Testing a reduced version of the symbol export patch shortly.
Confirm that #161 works in local testing (5.15 kvm/grsec), in our OpenStack (5.10 kvm/grsec Nova Compute nodes), in AWS on a t2.large, but still need to check that original vmware target which reported having pretty much no CPU features exposed. Since the failure to start was caused by the symbol lookup failure, i think we can close this and focus on redress in the PR.
Hey, this issue was about the linker warning that is still unfixed, and we still haven't decided on fixing it or not. That you added off-topic comments to it doesn't mean you should close it because of those now. ;-)

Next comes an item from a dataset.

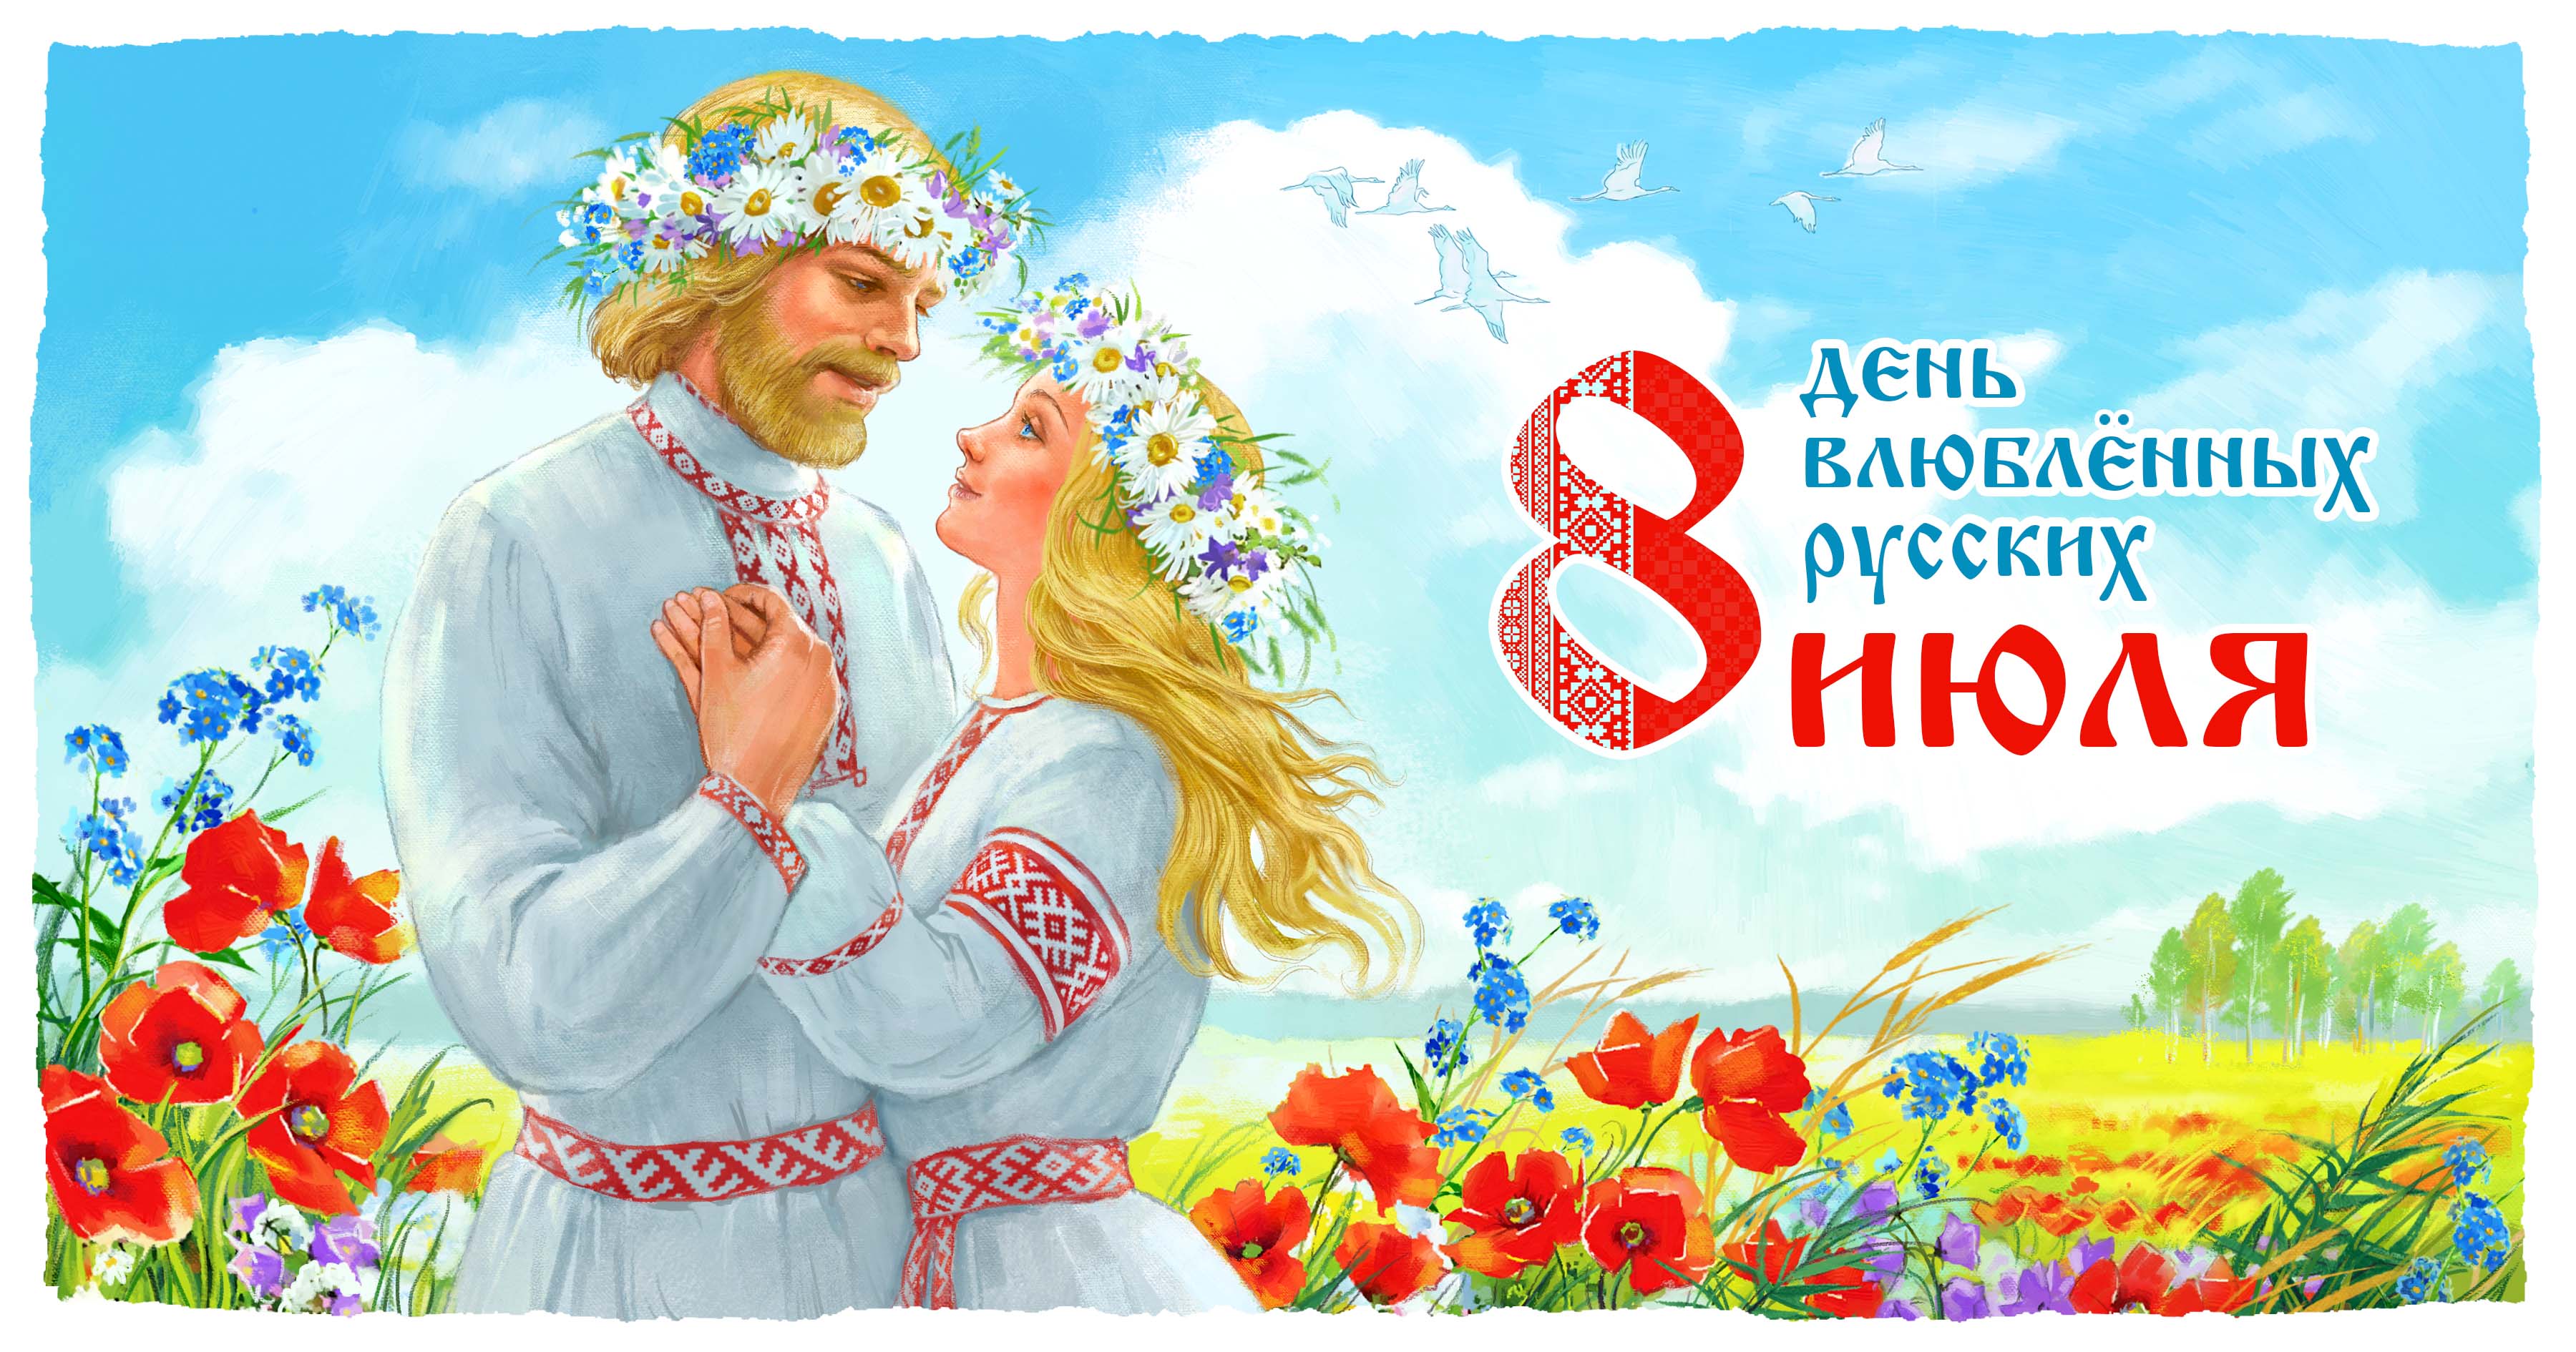 8 июля день влюблённых русских русский день влюблённых

Sorry, i closed the issue since the symbol exports actually allowed it to load, but the linker warning persists and i should've left it open.
@solardiz I'm not sure there is anything what we can do with it. At least if we don't provide custom linker script: https://stackoverflow.com/questions/49095127/gnu-linker-orphan-sections-and-symbol-assignment
@Adam-pi3 Off the top of my head, our options might be:
- Do nothing. (Accept that a warning is printed during LKRG build on recent systems.)
- Add a linker script. (Looks like upstream Linux wants us to, if we define a new section.)
- Silence the warning. (Can we override upstream Linux Makefile's linker option that enabled the warning in our Makefile?)
- Don't define a new section. (Why do we, anyway? If we don't explicitly specify section alignment, then perhaps an existing section is page-aligned or not just as well, so our page-alignment of a symbol within that section will work or fail just as well.)
I think it's most reasonable to research option 4 first, as it would simplify LKRG, whereas options 2 or 3 would complicate it.
@solardiz We do have own section which we keep as a read-only where we keep all of the configuration knobs and dynamically resolves symbols / pointers. We are aligning it to the PAGE_SIZE and we place a marker page before and after our critical data. We especially created it for security. From my perspective option #1, #2 and #3 sounds good.